**** Given material ****

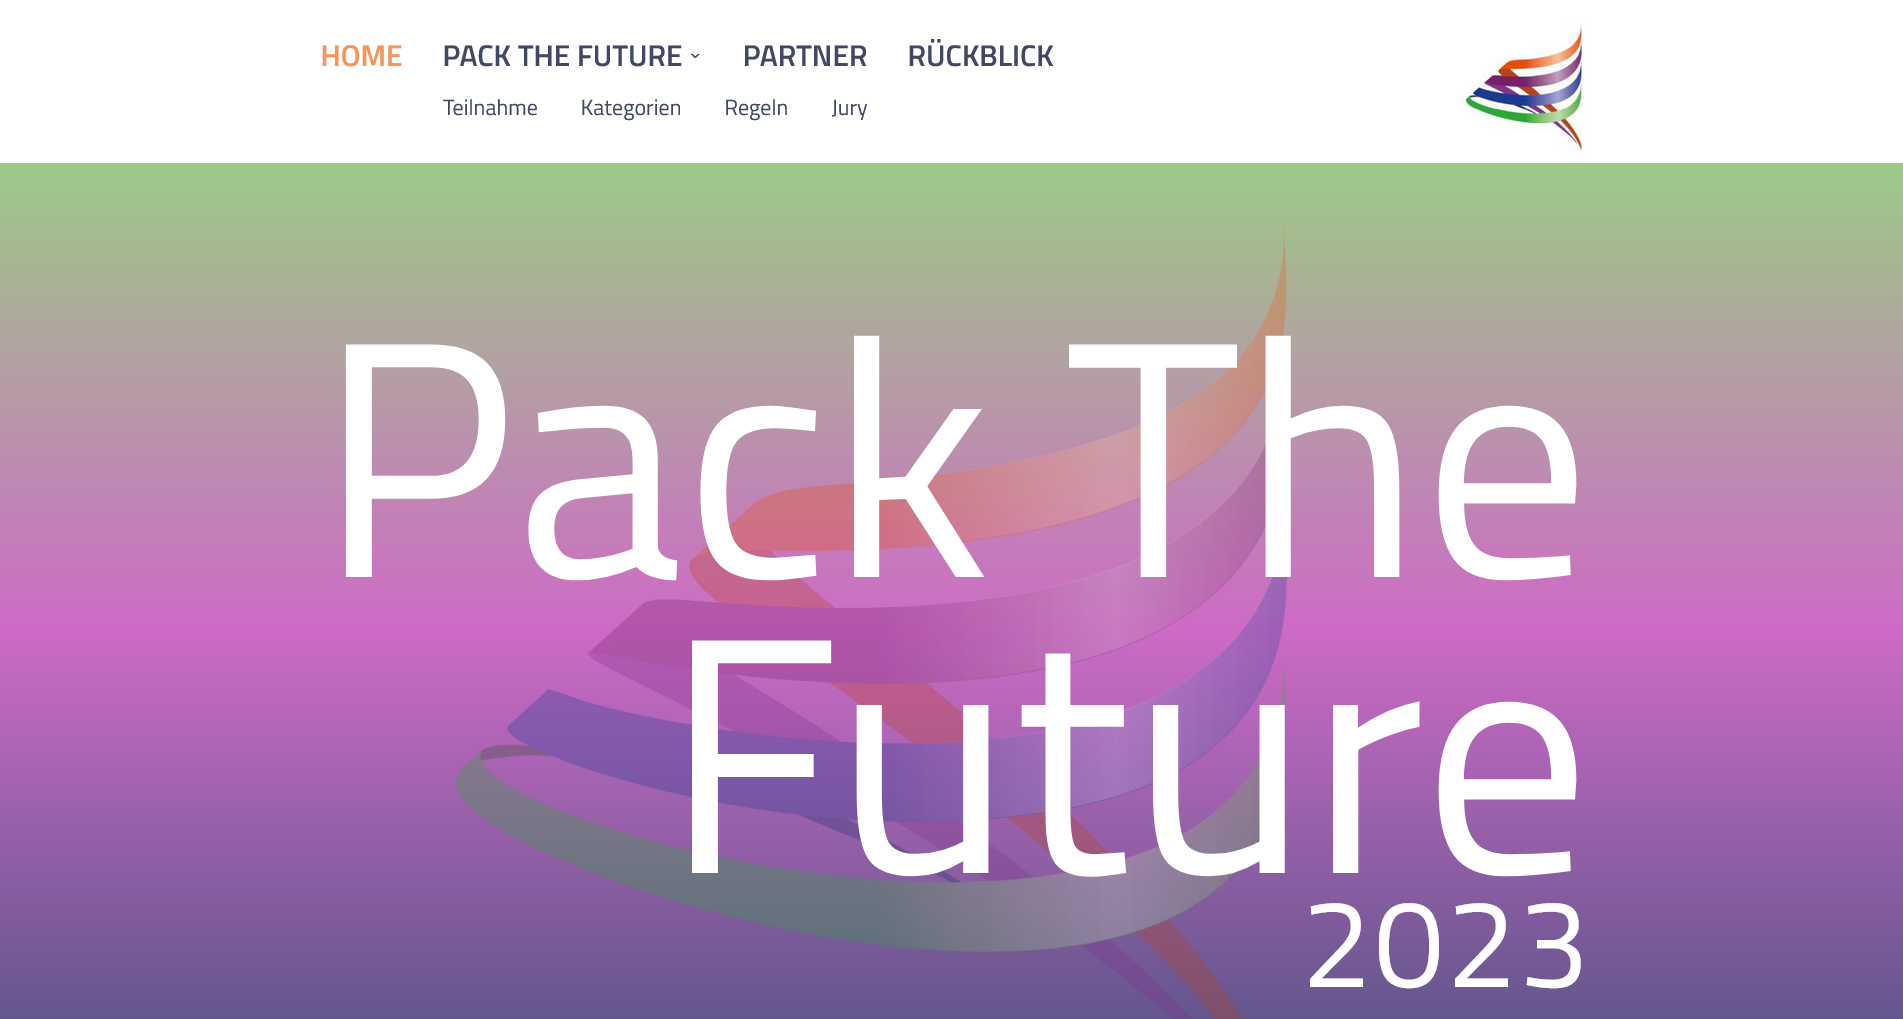 PackTheFuture Award 2023
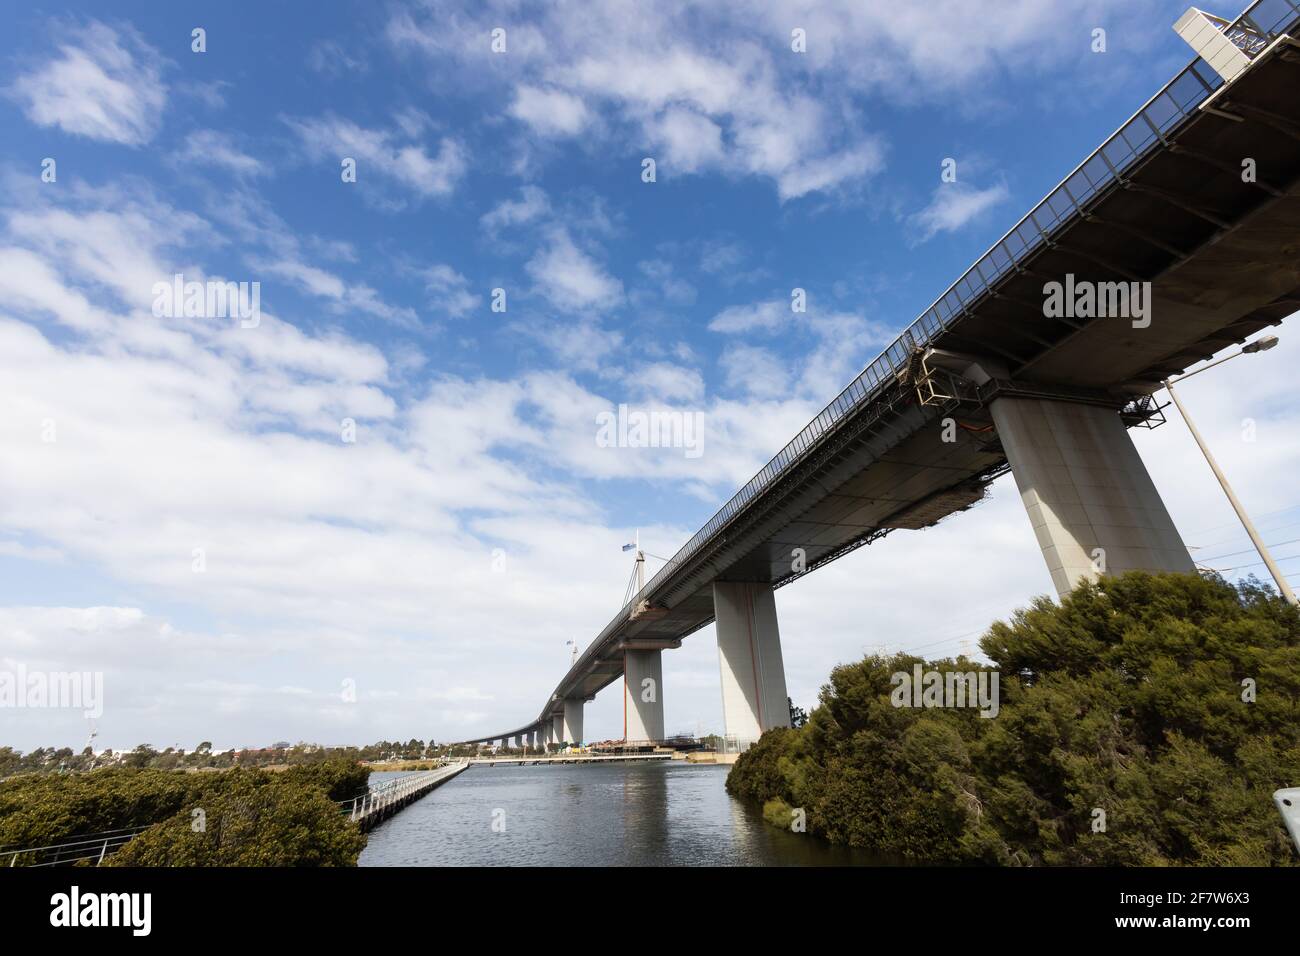 Puente Westgate en Melbourne Australia con bandera a media asta debido a la muerte del príncipe Felipe, duque de Edimburgo. Foto de stock
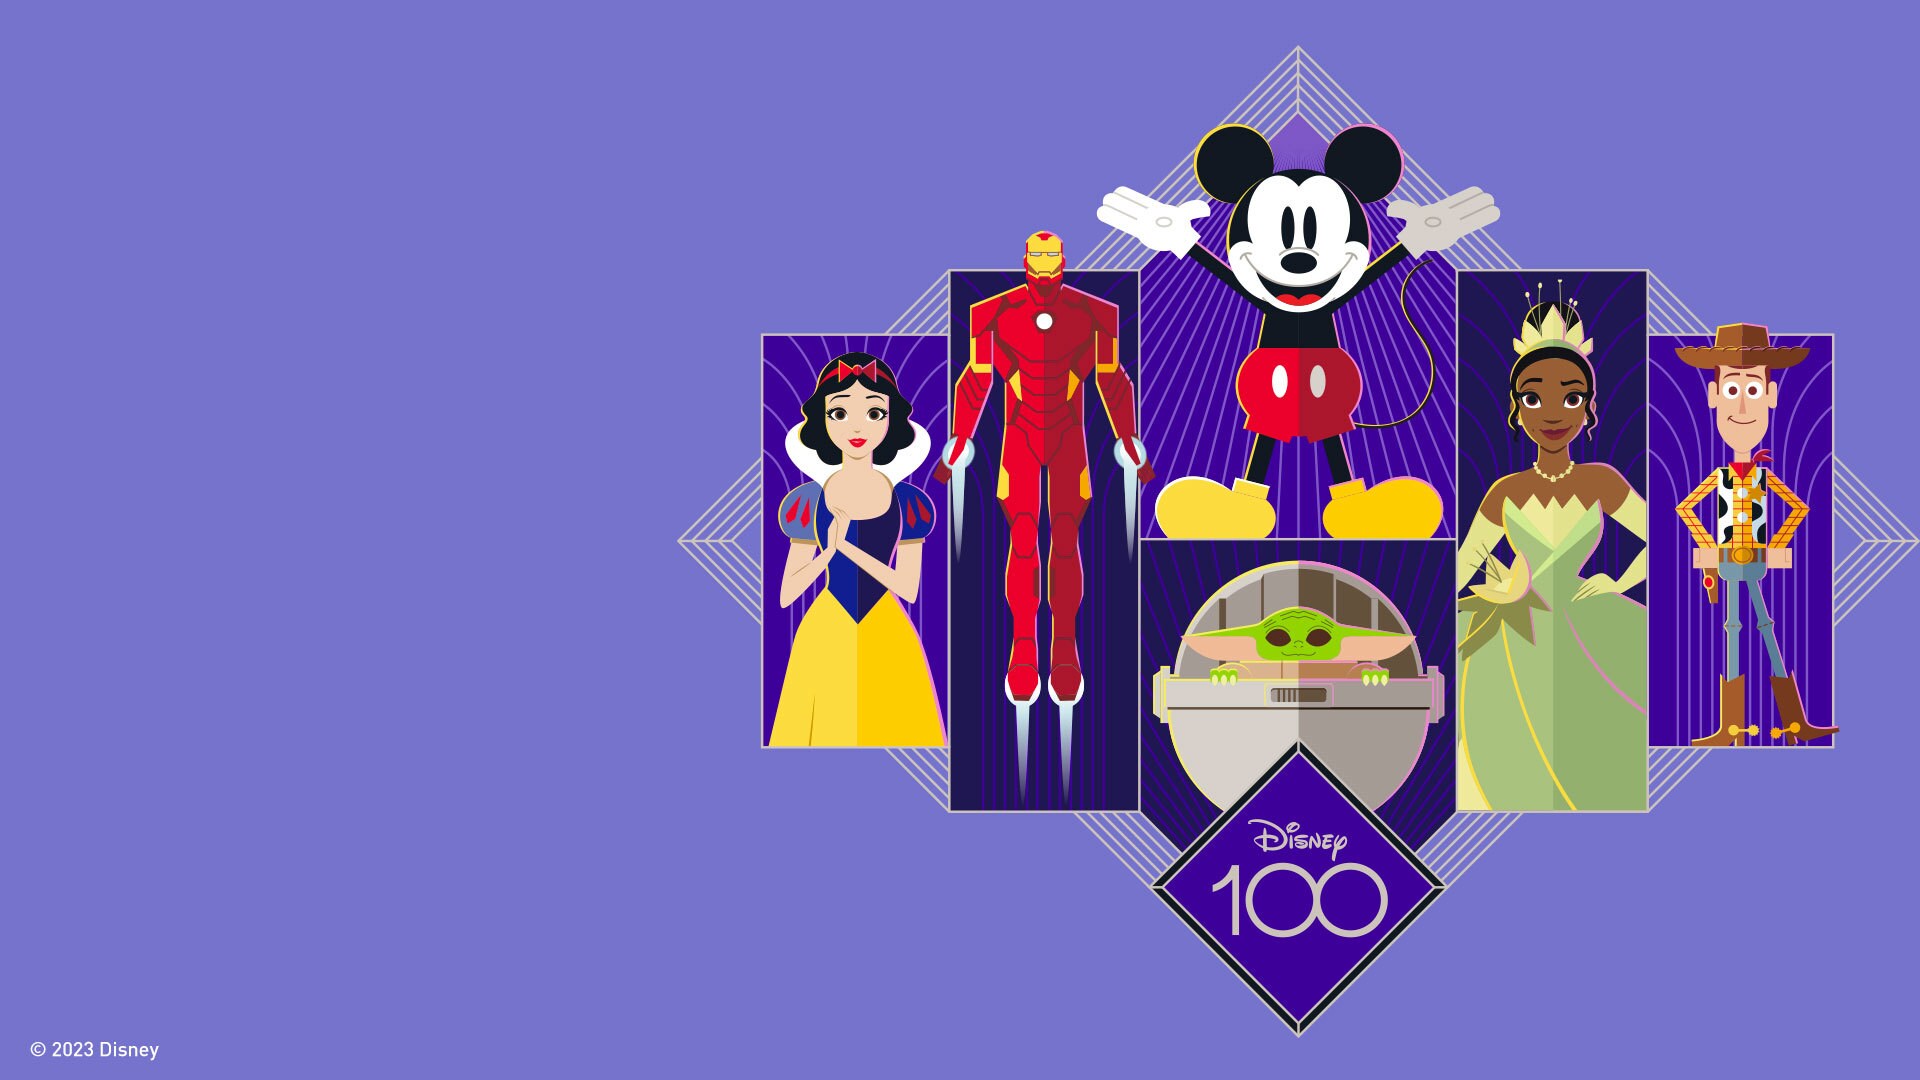 Disney 100 Background by jakeysamra on DeviantArt
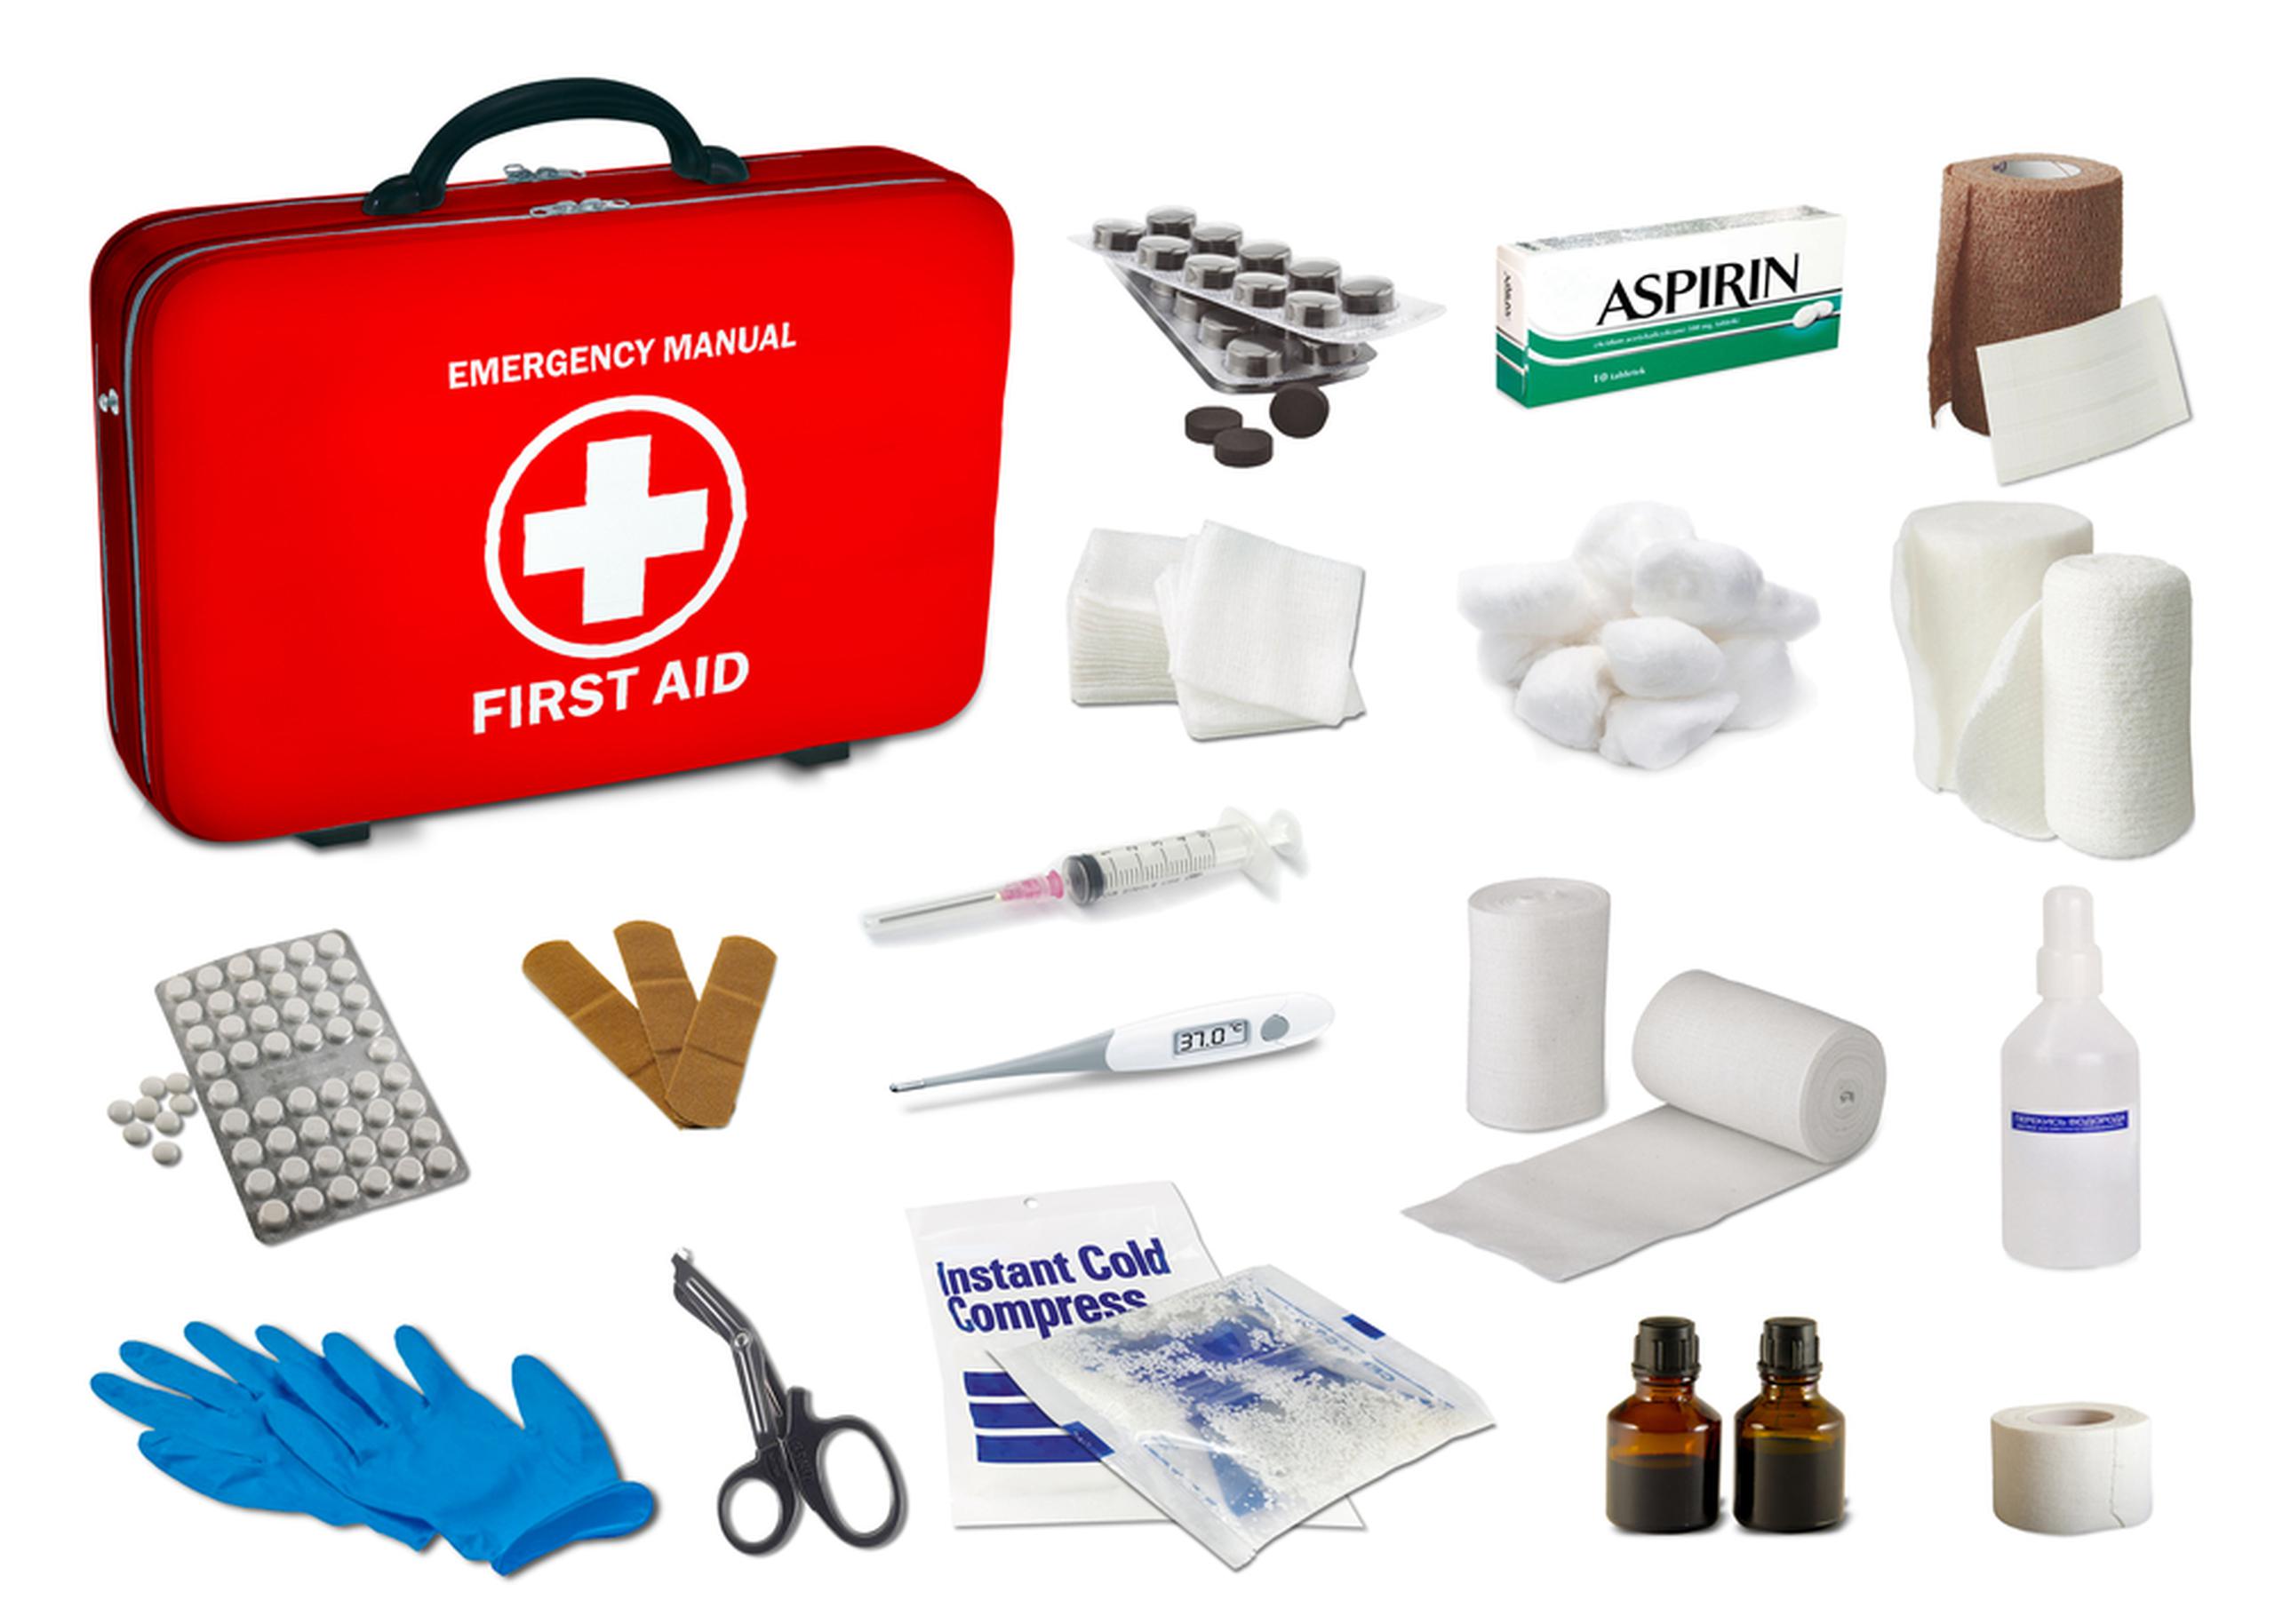 Lo básico que debe haber en todo kit de primeros auxilios son los guantes, las gasas, los vendajes y las curitas, entre otros, además de algunos medicamentos dependiendo de la condición de la persona como el acetaminofén y la aspirina.

****

## [Work to be completed]
The copy must match the listing above exactly but contain no pictures.

## [Solution to this problem]
 PackTheFuture Award 2023
 Puente Westgate en Melbourne Australia con bandera a media asta debido a la muerte del príncipe Felipe, duque de Edimburgo. Foto de stock
 Disney 100 Background by jakeysamra on DeviantArt
 Lo básico que debe haber en todo kit de primeros auxilios son los guantes, las gasas, los vendajes y las curitas, entre otros, además de algunos medicamentos dependiendo de la condición de la persona como el acetaminofén y la aspirina.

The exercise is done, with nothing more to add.